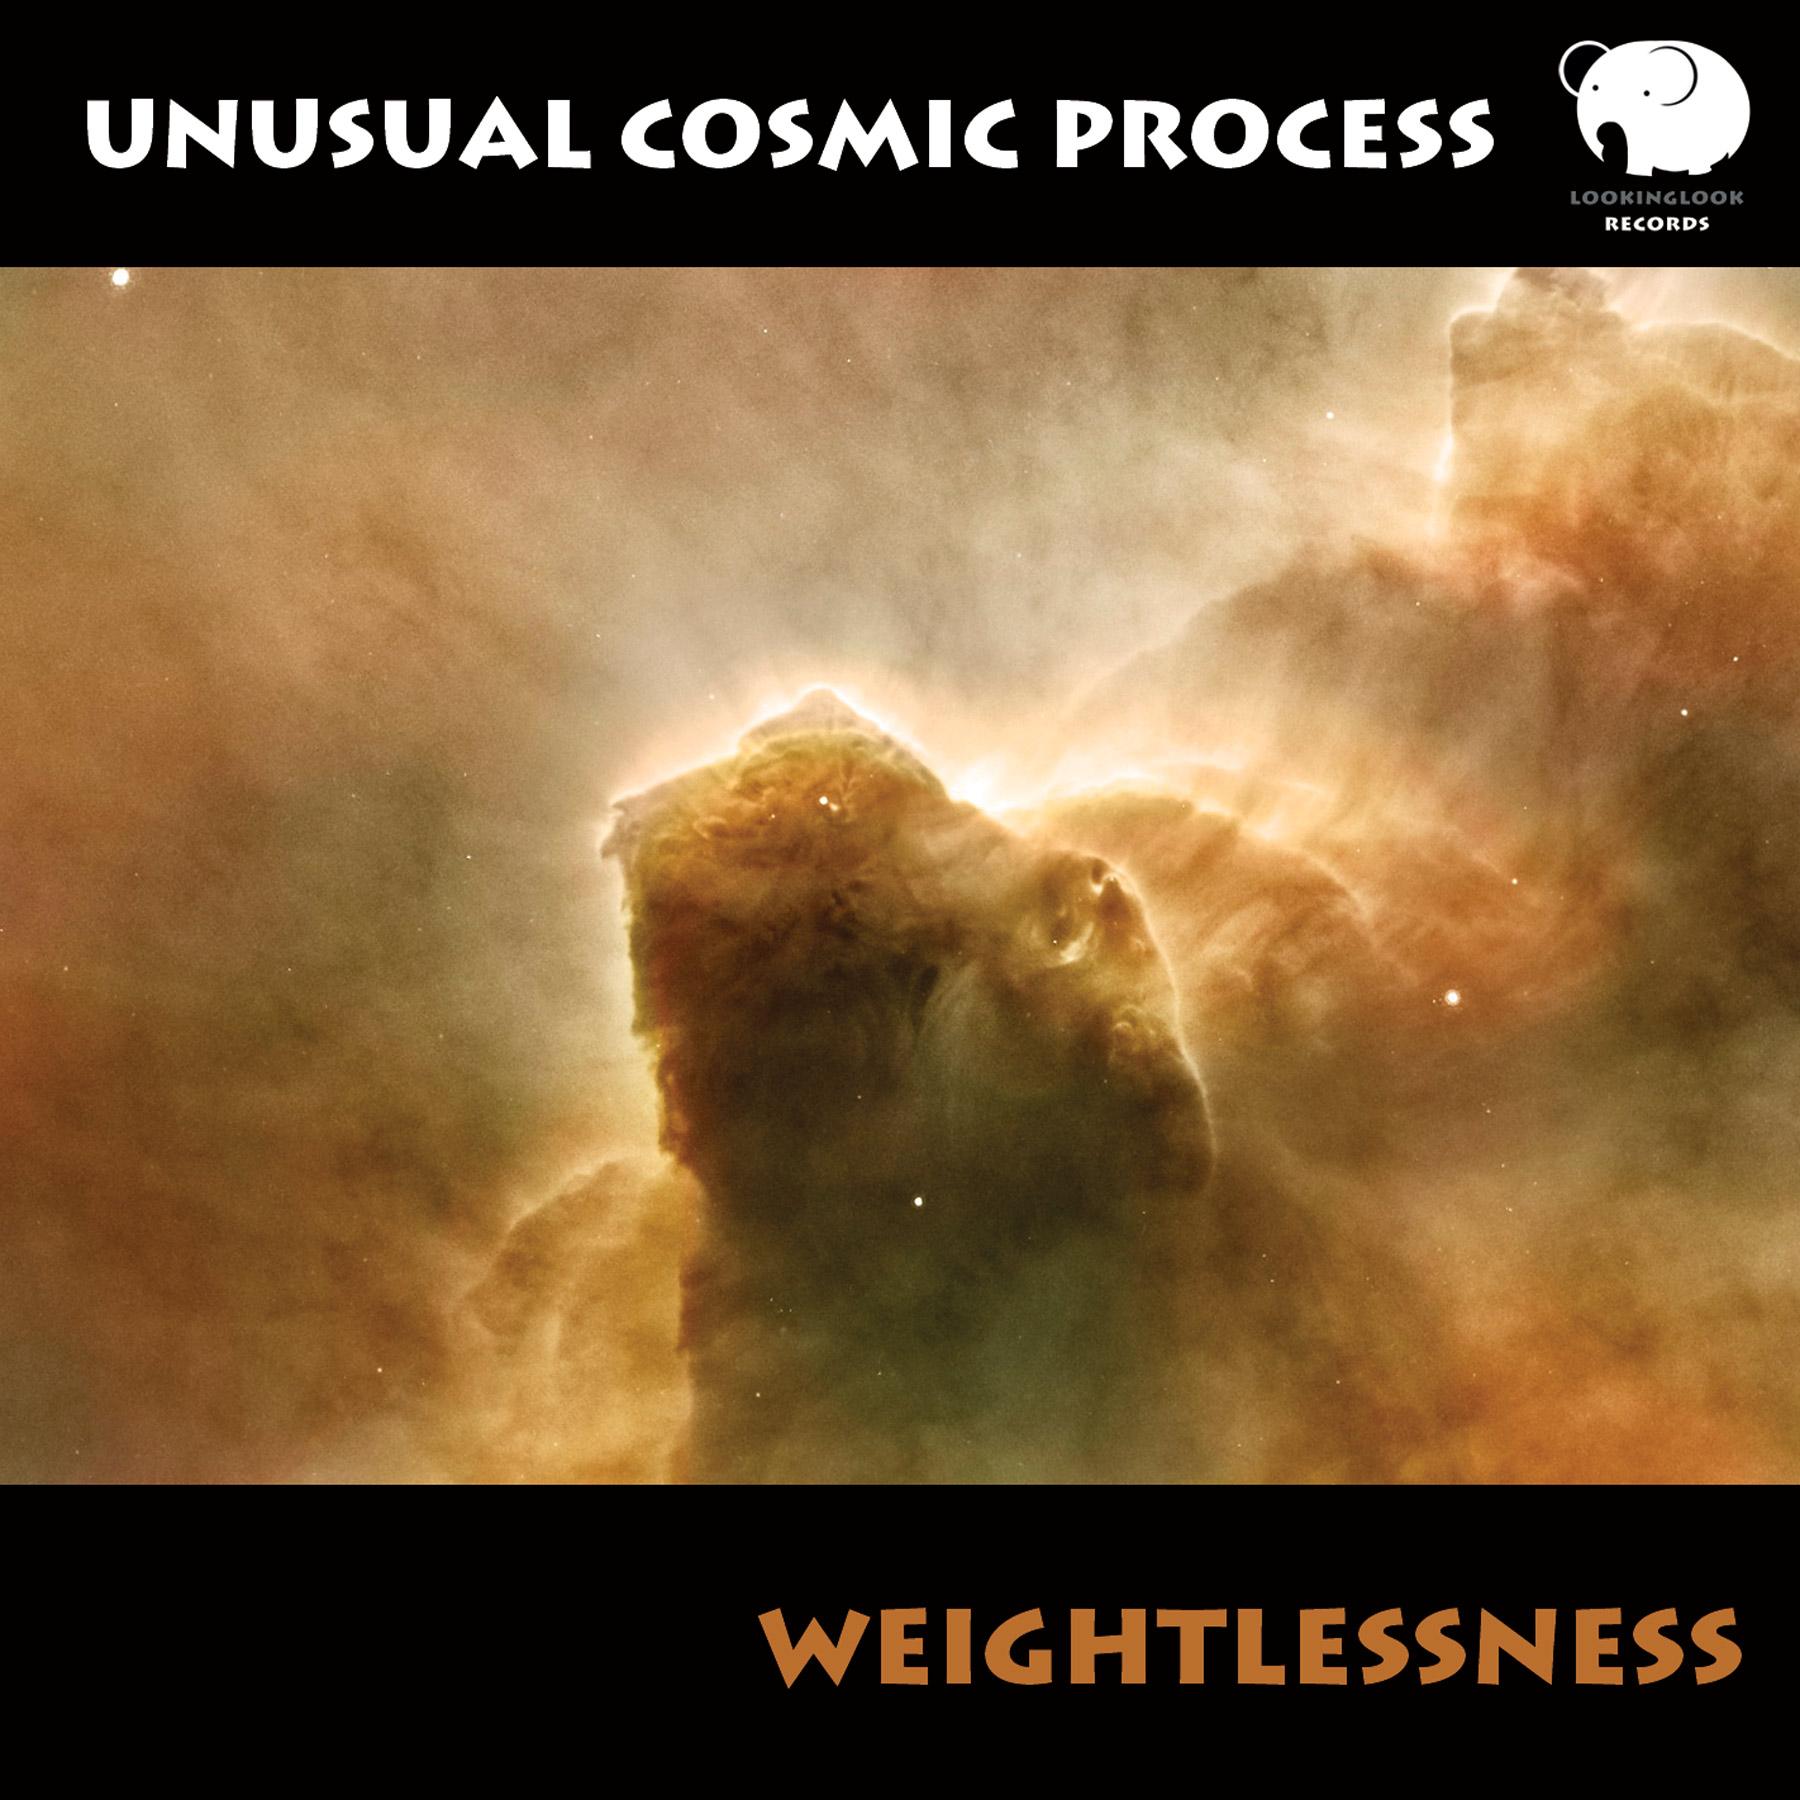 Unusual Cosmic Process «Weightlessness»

○ ○ ○ ○ ○

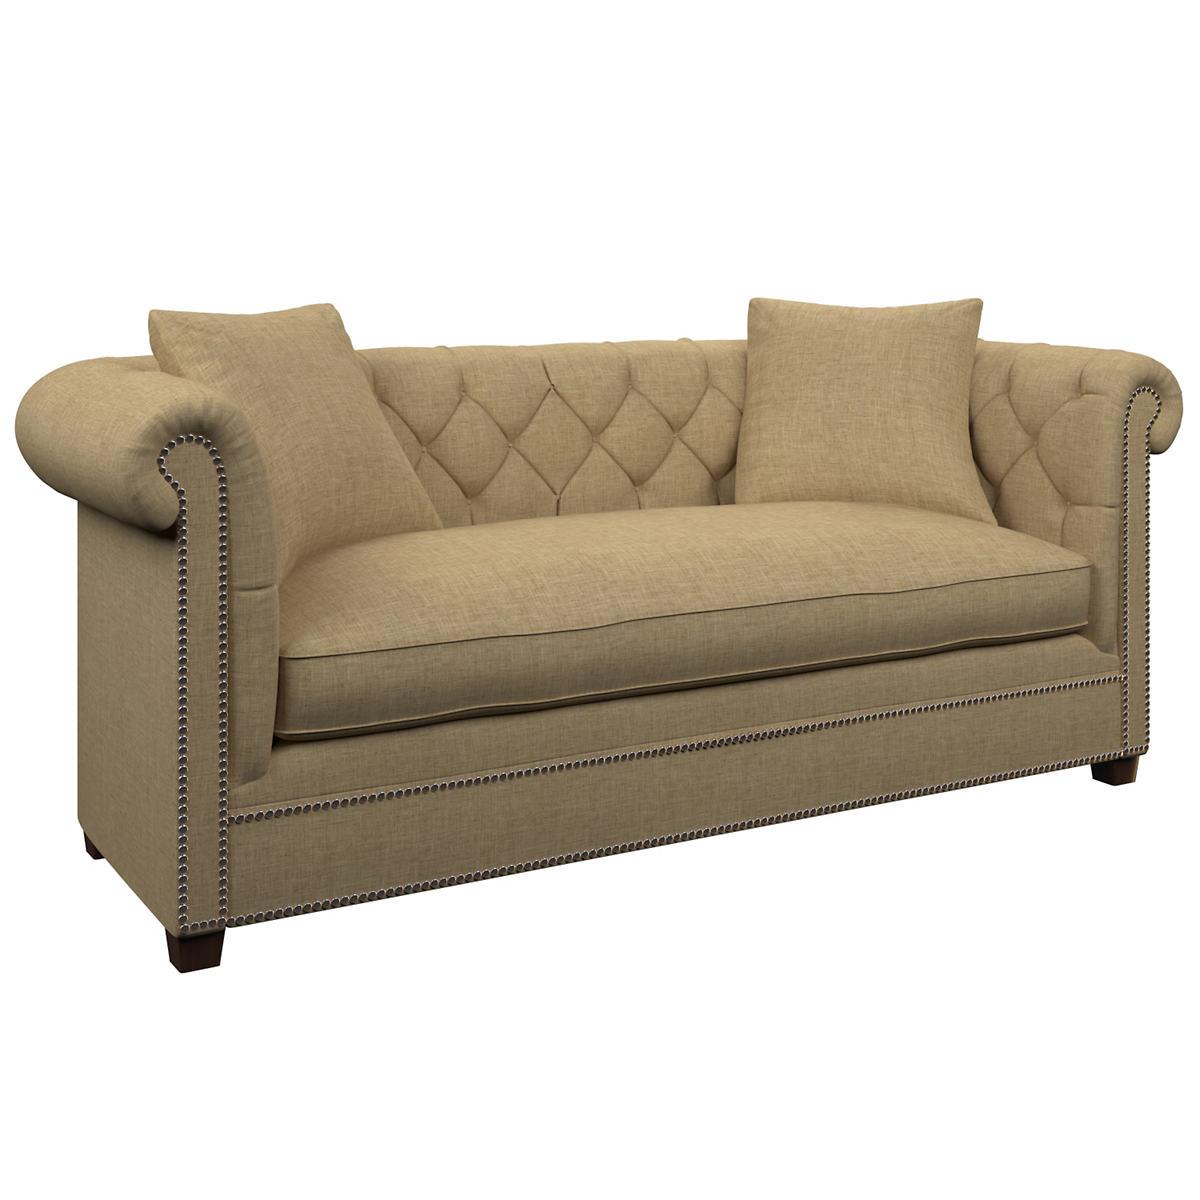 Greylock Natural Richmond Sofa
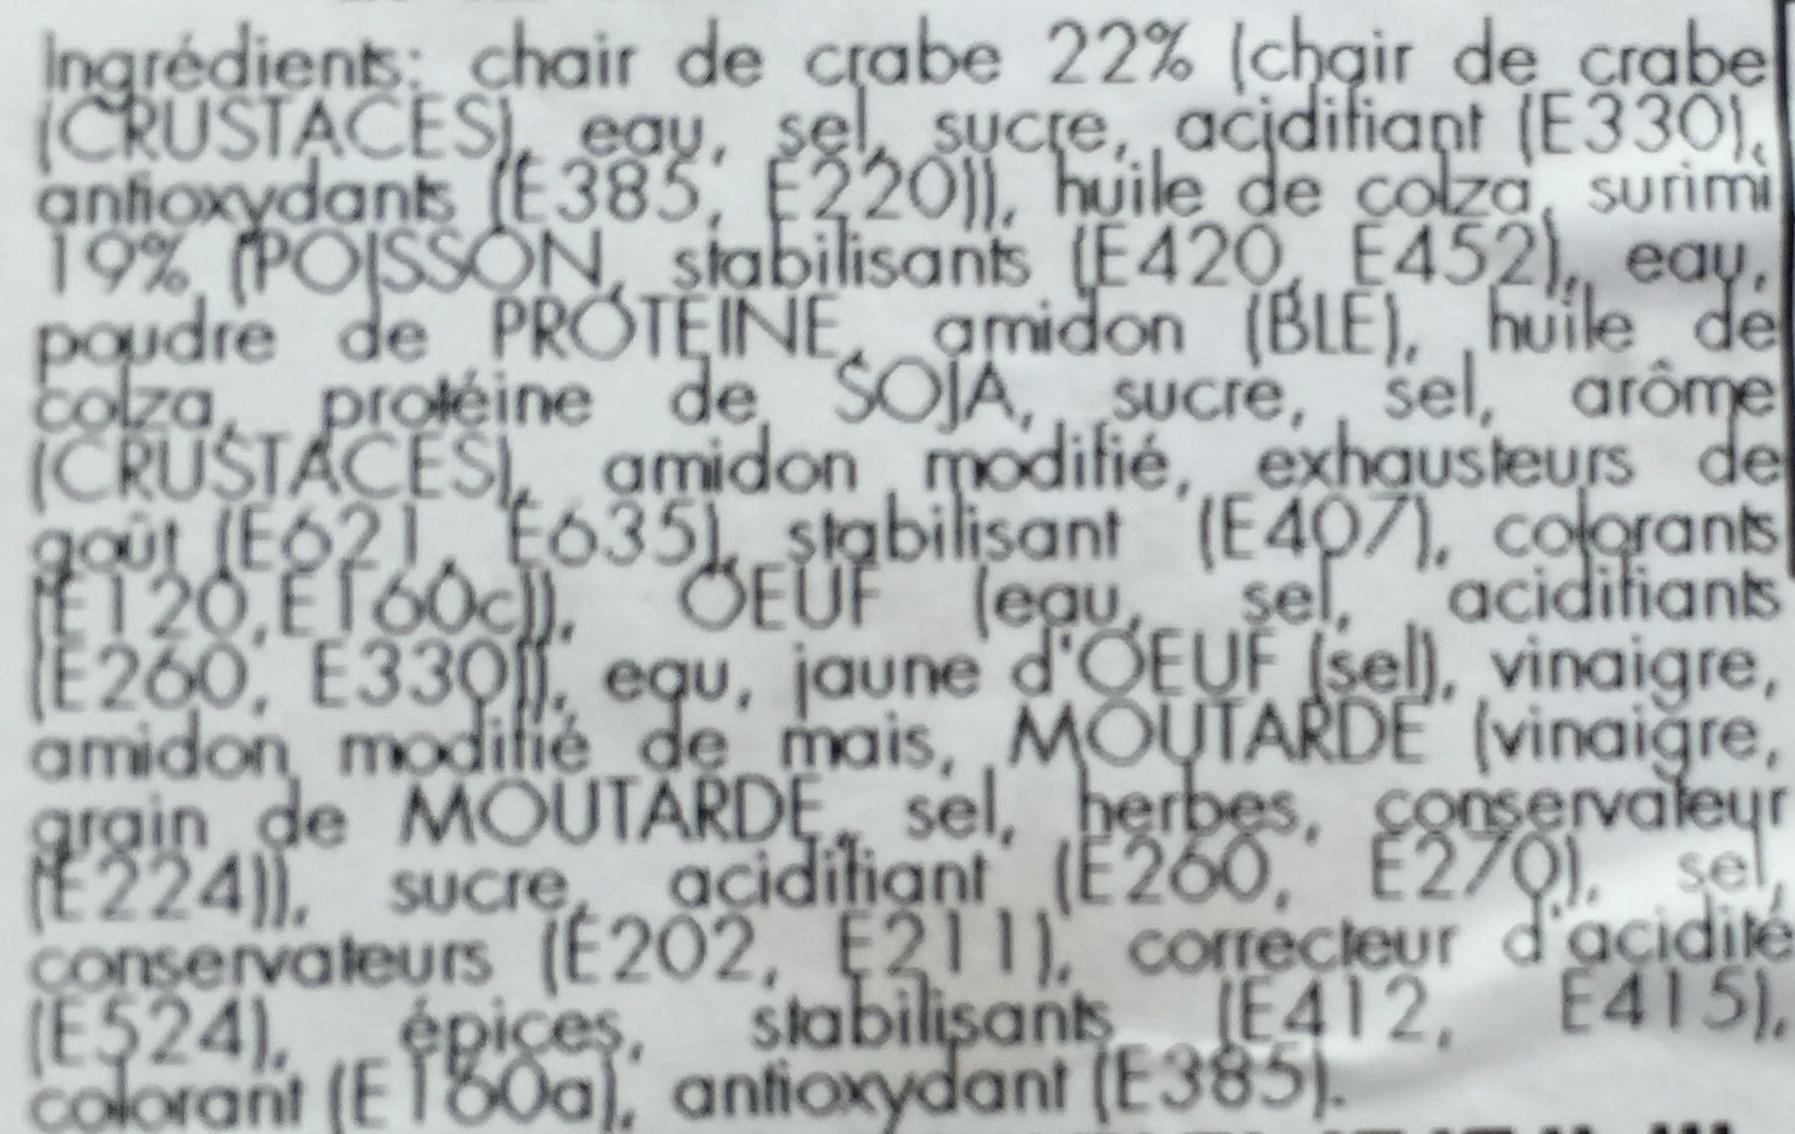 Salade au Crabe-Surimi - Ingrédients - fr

○ ○ ○ ○ ○

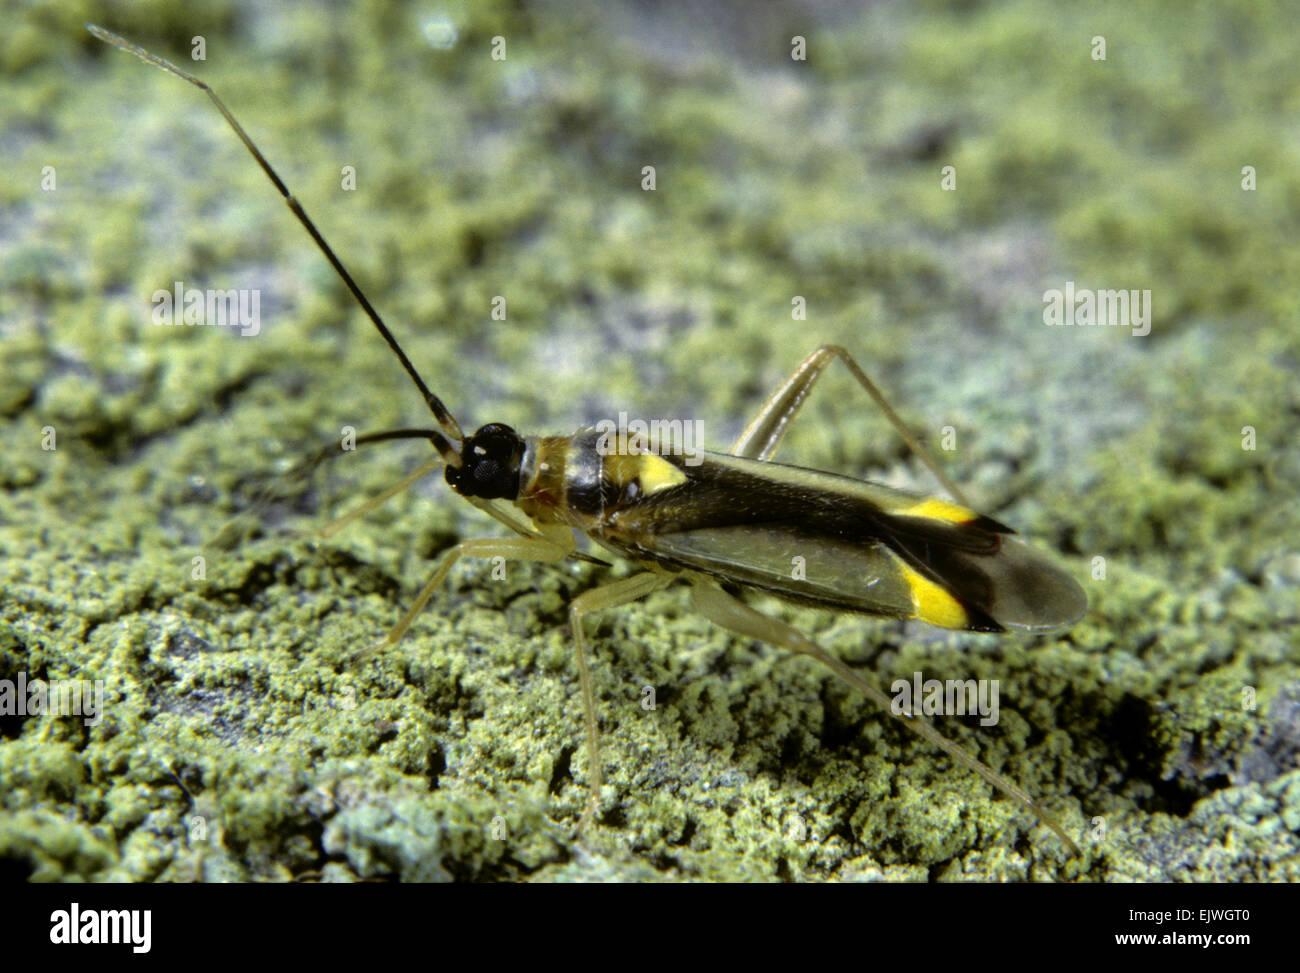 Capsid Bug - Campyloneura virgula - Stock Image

○ ○ ○ ○ ○

> **Task prompt**
Within the material above, find the part that opens with the line containing "Greylock Natural Richmond Sofa" and closes with the line containing "Salade au Crabe-Surimi - Ingrédients - fr", and reproduce it exactly without the pictures.

> **Answer to this exercise**
 Greylock Natural Richmond Sofa
 Salade au Crabe-Surimi - Ingrédients - fr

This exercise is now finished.